Up until 2005, it also played a key role in establishing industry-university collaboration as the manager of an early Network of Centres of Excellence: the Institute for Robotics and Intelligent Systems (IRIS). Precarn also struck collaborative agreements with CANARIE, the Canadian Space Agency and other federal agencies, departments and provincial governments.

Since then, Precarn has tried to expand or modify its mandate to attract greater and more stable funding from government that would allow it to reach a larger industrial base. In 2004 under the leadership of Anthony Eyton, it proposed a major increase in funding to facilitate a broader mandate to encompass the ICT sector and continue supporting university-based research in anticipation of the sunsetting IRIS. The government of the day chose to reject a request of $150 million over seven years.
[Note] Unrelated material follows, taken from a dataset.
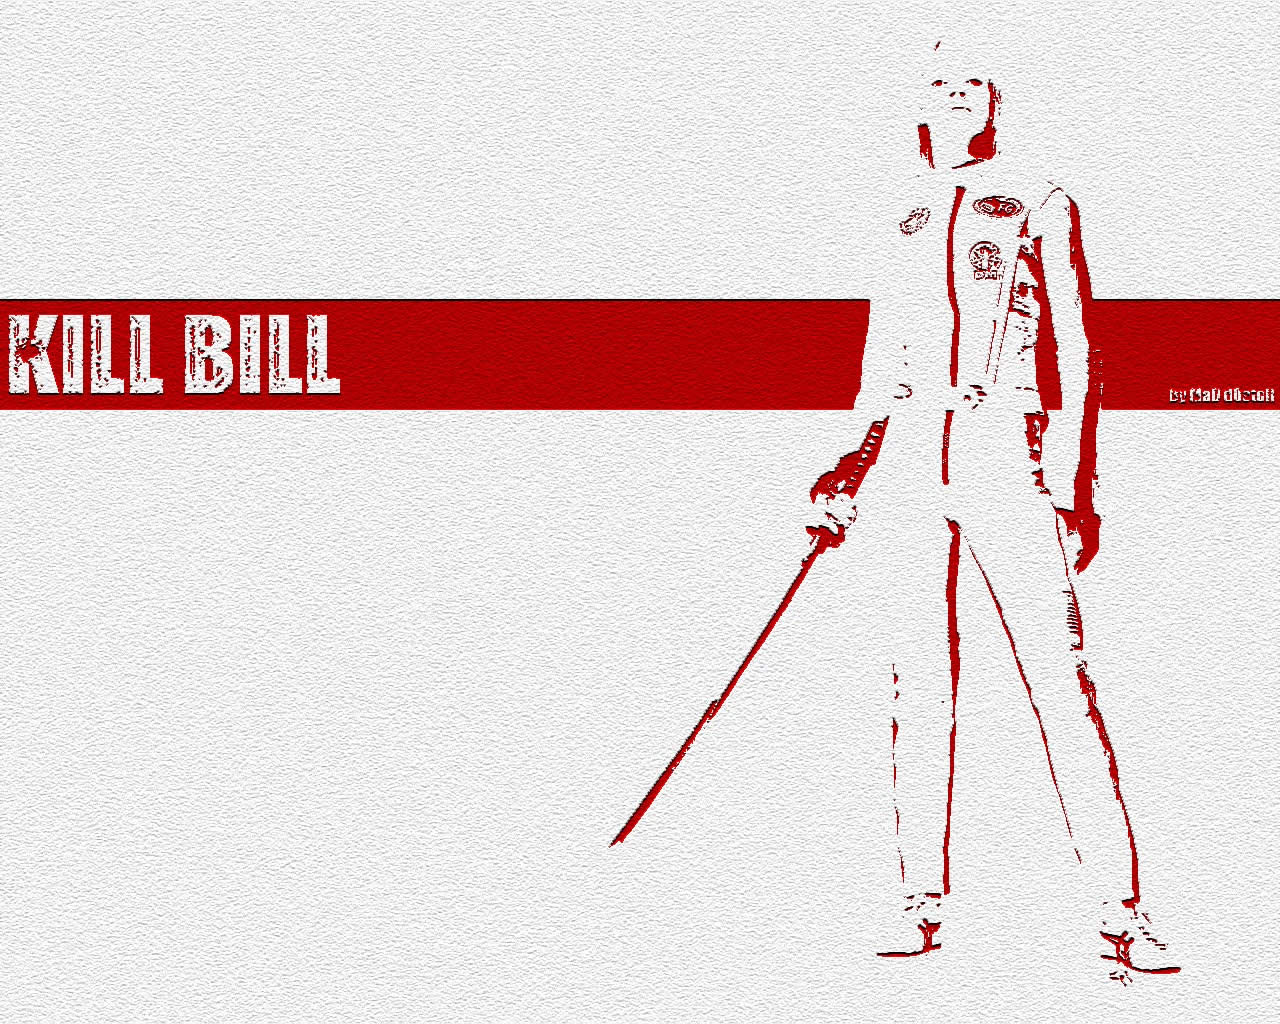 Kill Bill - 5 6 7 8 Woo Hoo Uhu Uhuhu Song - HD Wallpaper 
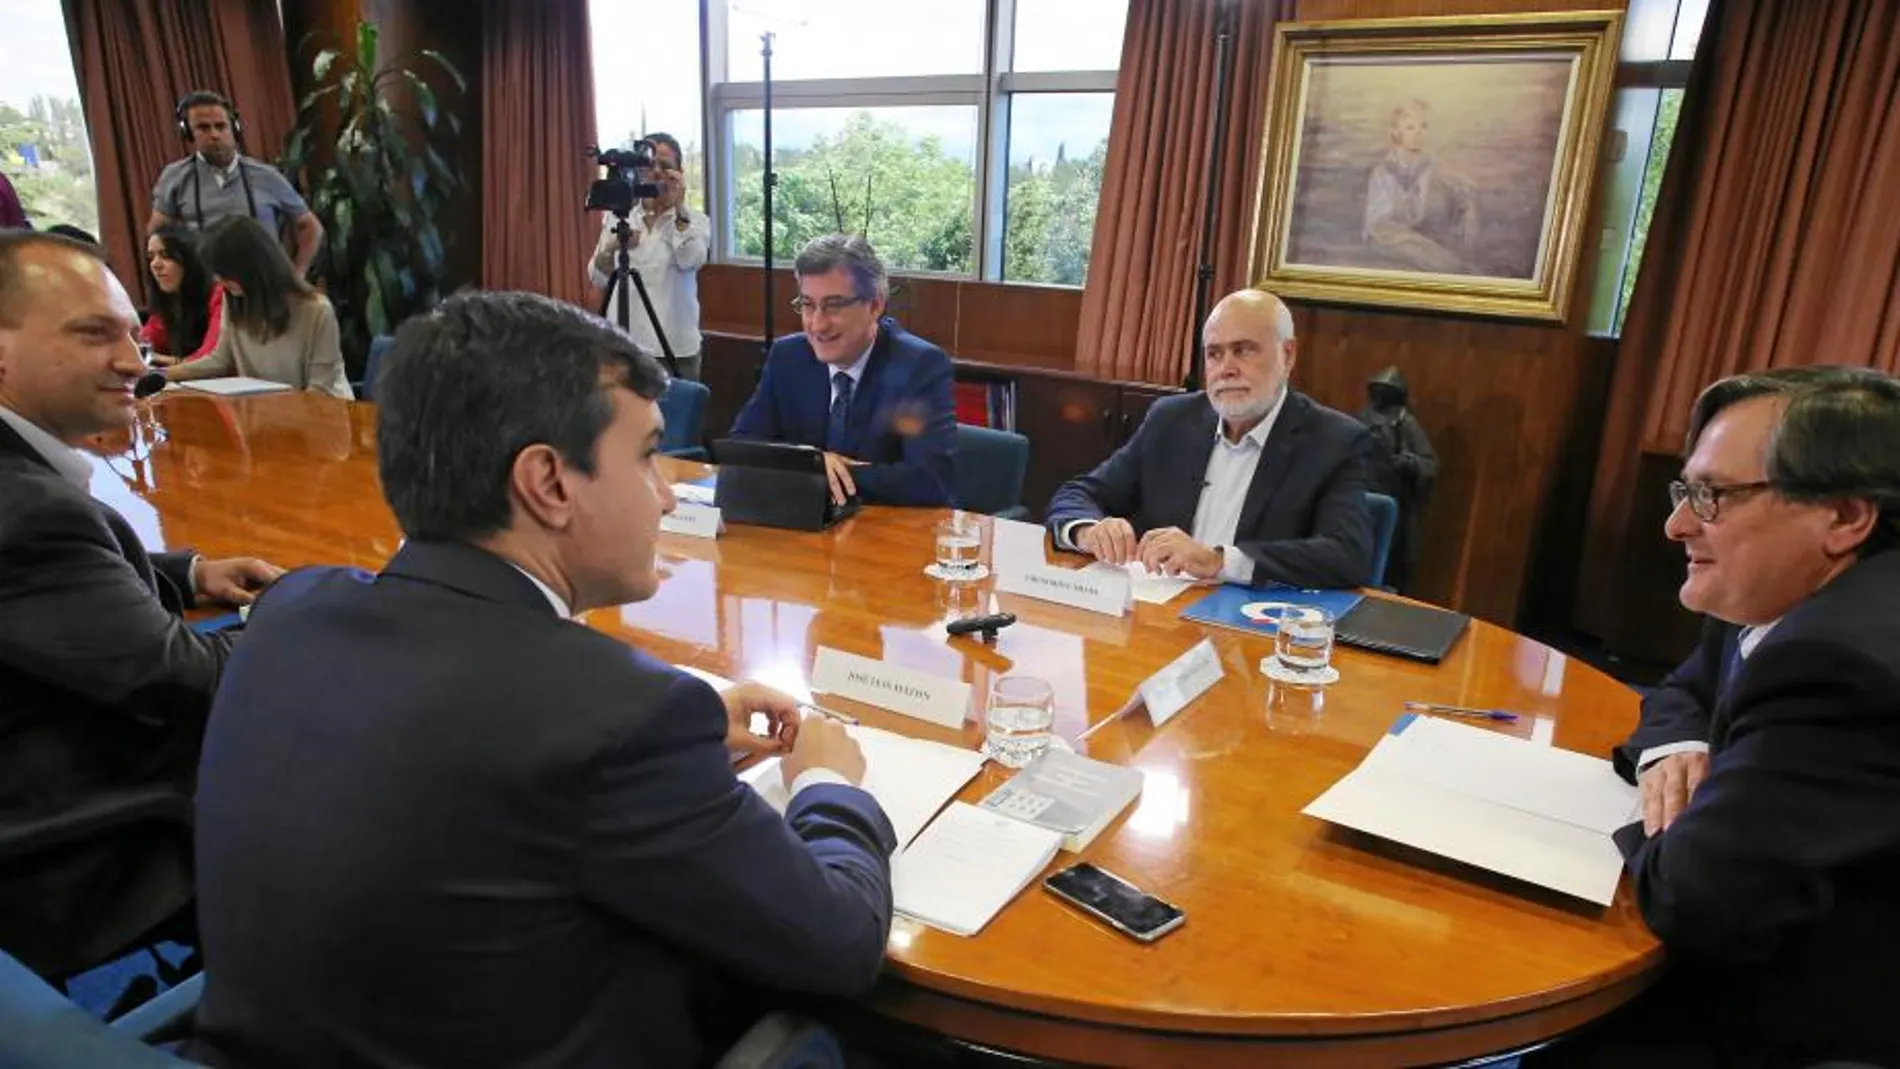 Rubén Martínez Dalmau (Podemos), José Luis Ayllón (PP), el director de LA RAZÓN, Francisco Marhuenda, Gregorio Cámara (PSOE) e Ignacio Prendes (C’s), ayer durante el debate

Instead it renewed Precarn in Budget 2005 at $20 million over five years, and received a one-year extension in the 2010 Budget.

Eyton says Precarn's cancellation is "a great shame" given the organization's record of growing firms and creating jobs, adding that it's indicative of the kind of shortsighted thinking that has hobbled government efforts to stimulate innovation and boost productivity.

"There's a long history in Ottawa of looking for something new and different. Then they fail and up pops another one. Precarn actually produced results and the hope was to expand the model to the whole ICT sector," says Eyton, principal of Trade Commissioner Consulting Services Inc. "The timing isn't the best for anyone looking for a fresh infusion of cash from government (but) scale was always a problem. The central agencies overlook small and the big always gets noticed."

Under Eyton in 2007, Precarn launched yet another bid to diversify its funding base, proposing to offer its services as an R&D manager to other organizations and applying to the then-new Business-Led Networks of Centres of Excellence program, to no avail. One positive development during that time was Precarn's awarding of a management contract for International Science and Technology Partnerships Canada (ISTPCanada). Paul Johnston was Precarn president at that time — a long-time Precarn employee who was tagged to replace Eyton.

"ISTPCanada is a good example of what we were trying to do," says Johnston, now an independent consultant and senior advisor to Hickling Arthurs Low Corp. "ISTP was literally a creation of Precarn and CIIRDF. (Canada-Israel Industrial Research and Development Foundation). CIIRDF had international S&T expertise while Precarn brought Canadian companies and university collaboration."

Rothschild says the forthcoming Expert Review Panel on Research and Development may prompt government to consider an a similar program that provides direct support to ICT firms, which he says is crucial if Canada is serious about addressing lagging productivity.

"The Canadian government does not have a major industrial technology subsidization program. We rely on the taxation system to assist industry but it's not giving us the result we want. We should be doing more of what Precarn is supporting, not less," says Rothschild. "In the last decade and beyond, it has not been government's policy to address innovation, productivity and BERD (business expenditures on R&D) through industrial support mechanisms … It has not been easy for Precarn to secure more robust, long-term funding."

Precarn's demise was precipitated by several other factors, including the government's efforts to eliminate the deficit and the holding pattern in which S&T organizations find themselves awaiting the release of the R&D Review Panel, due in mid October. In addition, several other larger S&T files are currently in play, including the DES, the recasting of the National Research Council and the future direction of the granting councils. As a standalone entity not supported by any strategic policy initiatives, Precarn was vulnerable due to its size and low visibility.

"A lot of things are happening on the government side. It's a matter of digestion as much as commitment," says Rothschild. "Last year when we were renewed for one year, we went to work and committed resources to many wonderful projects. There were economic returns and jobs. Everyone was pleased."